I don’t watch a lot of Baseball anymore but every time I think about starting again I see arguments like this one and I remember why I bailed. Well, besides the fact that Baseball is boring and slow and one of the most exciting teams of the past decade ended up being a bunch of cheaters oh wow look at that I ended up bringing up the Astros again. Anyway, fuck this dumb attitude towards fun. Dingers are cool, celebrations and showboating are fine. Good, even!

The NFL waged a war on fun for a long time. It got worse and worse to the point they were flagging even the mildest of celebrations and everything snapped. The old huffy attitude that ruled the fanbase finally got ignored in favor of the younger demographics who actually like emotion and fun. Now teams and players celebrate all the time and the angry old codgers just grumble silently to themselves. We won that one.

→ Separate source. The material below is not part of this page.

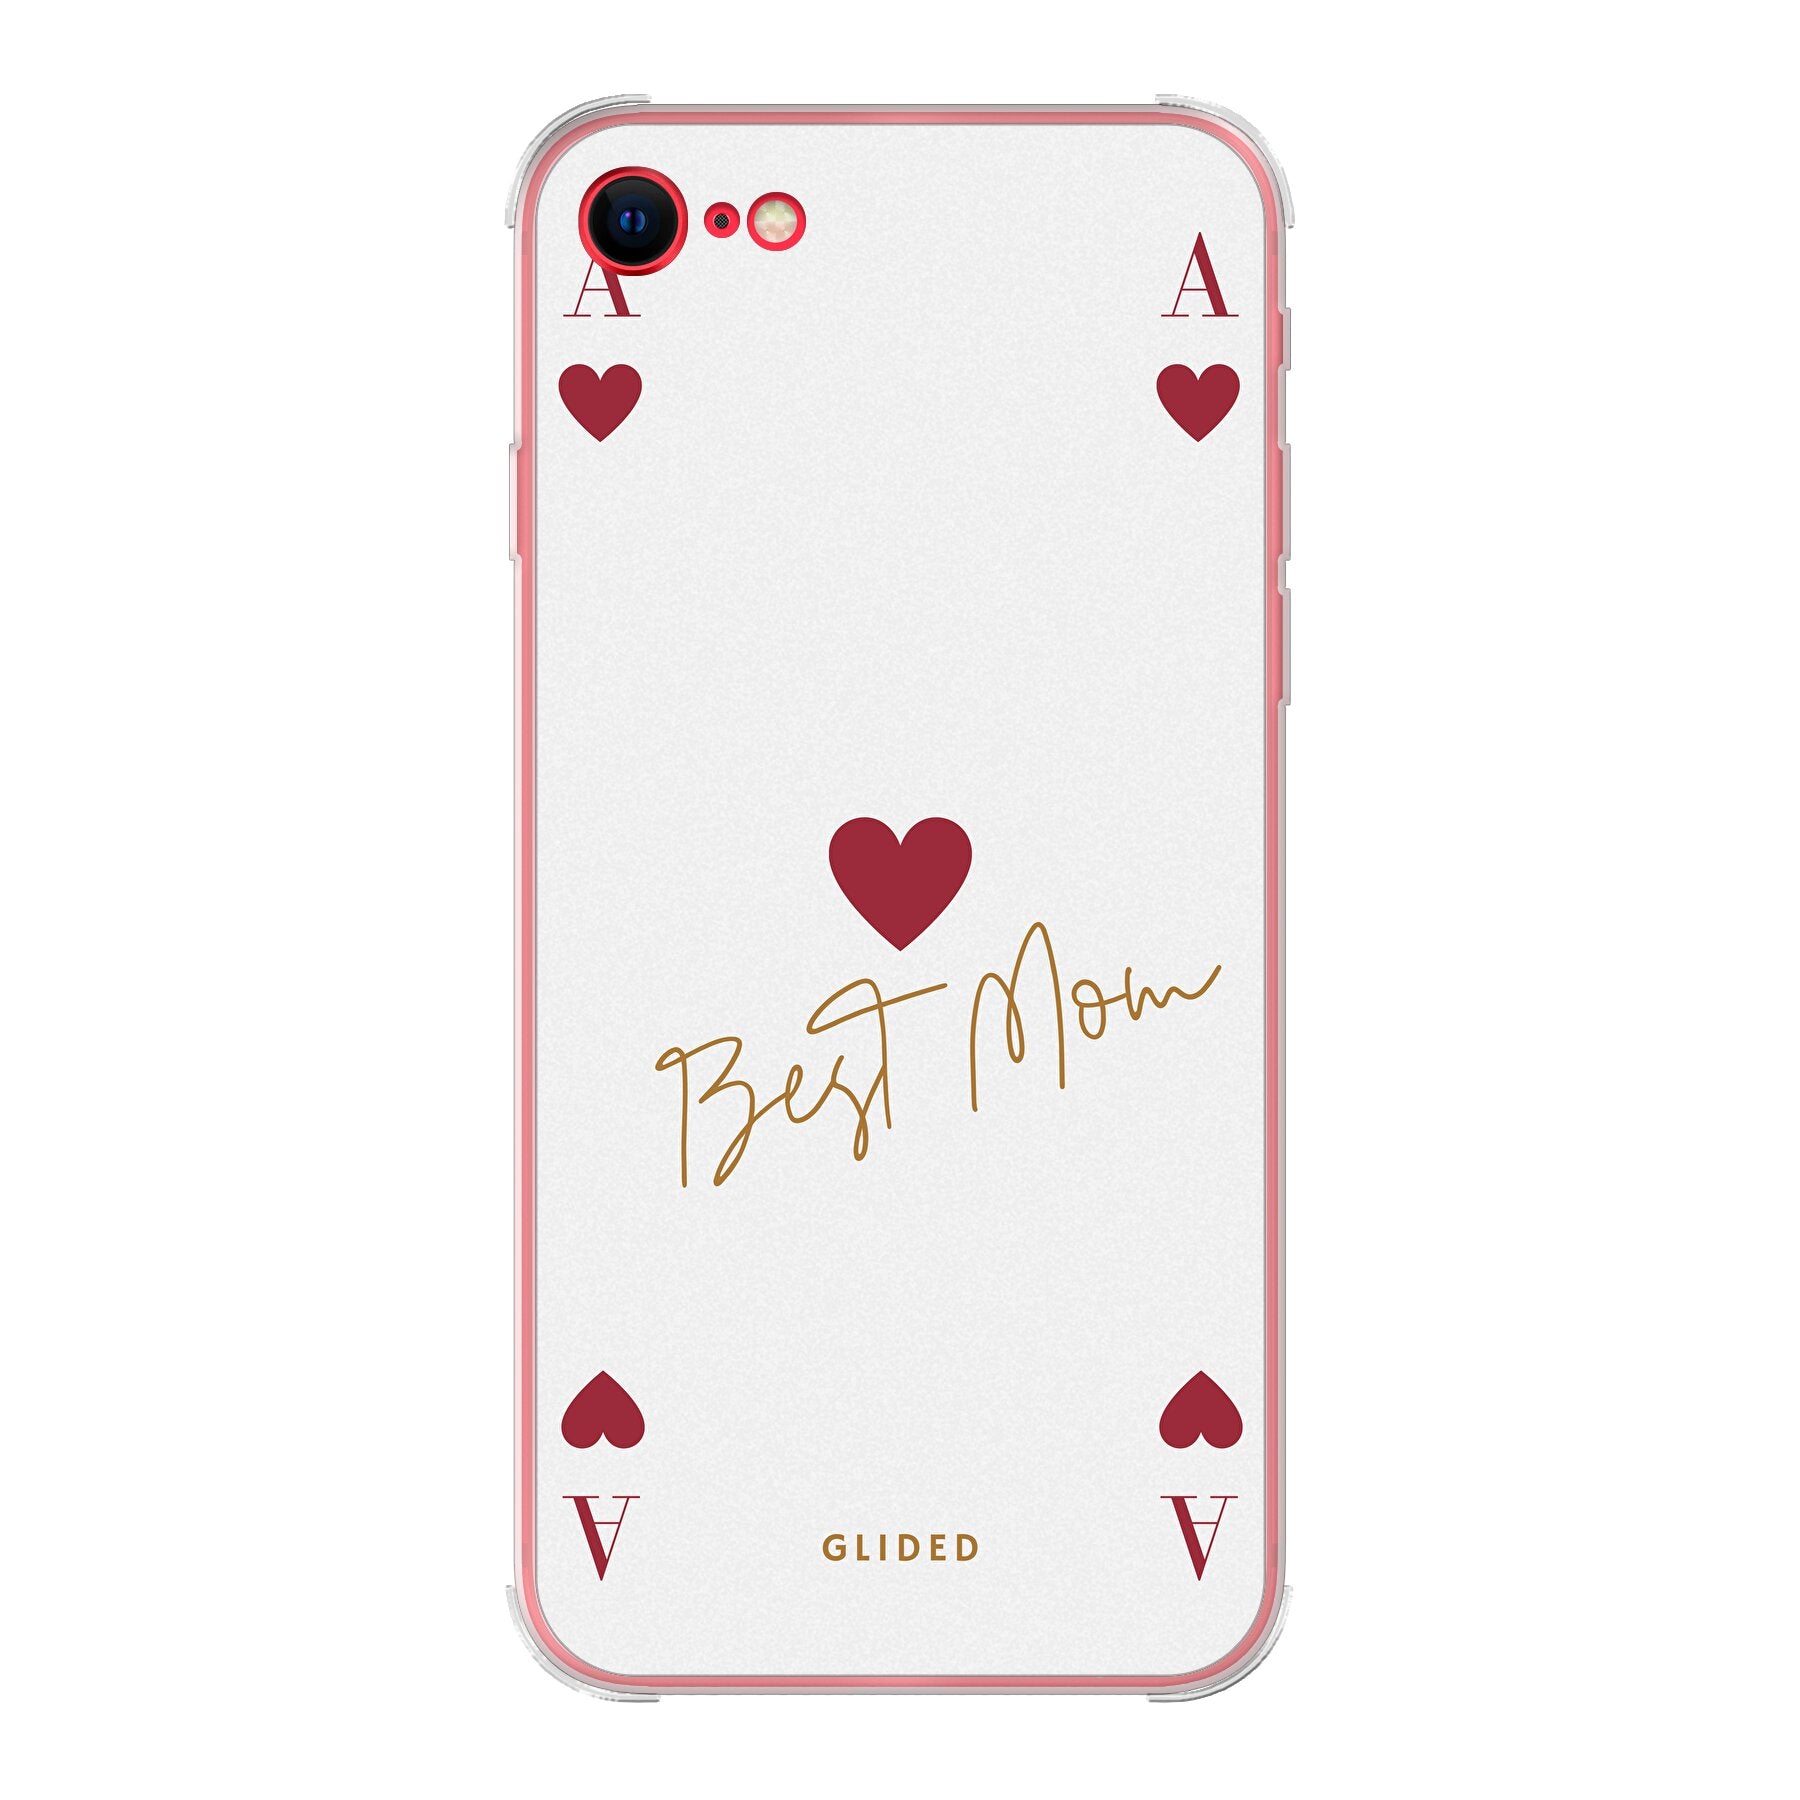 Mom's Game - iPhone SE 2020 - Bumper case

I don’t know if we’ll win the Baseball fight. Baseball has been around a lot longer and is more steeped in tradition. The stupid “unwritten rules” that define so many aspects of the sport aren’t going to come free without a lot of pushback. This is honestly a shame because if they did, Baseball could become interesting and fun again. No major sport needs to evolve more than “America’s Game”. Just like America Baseball is stuck in the past.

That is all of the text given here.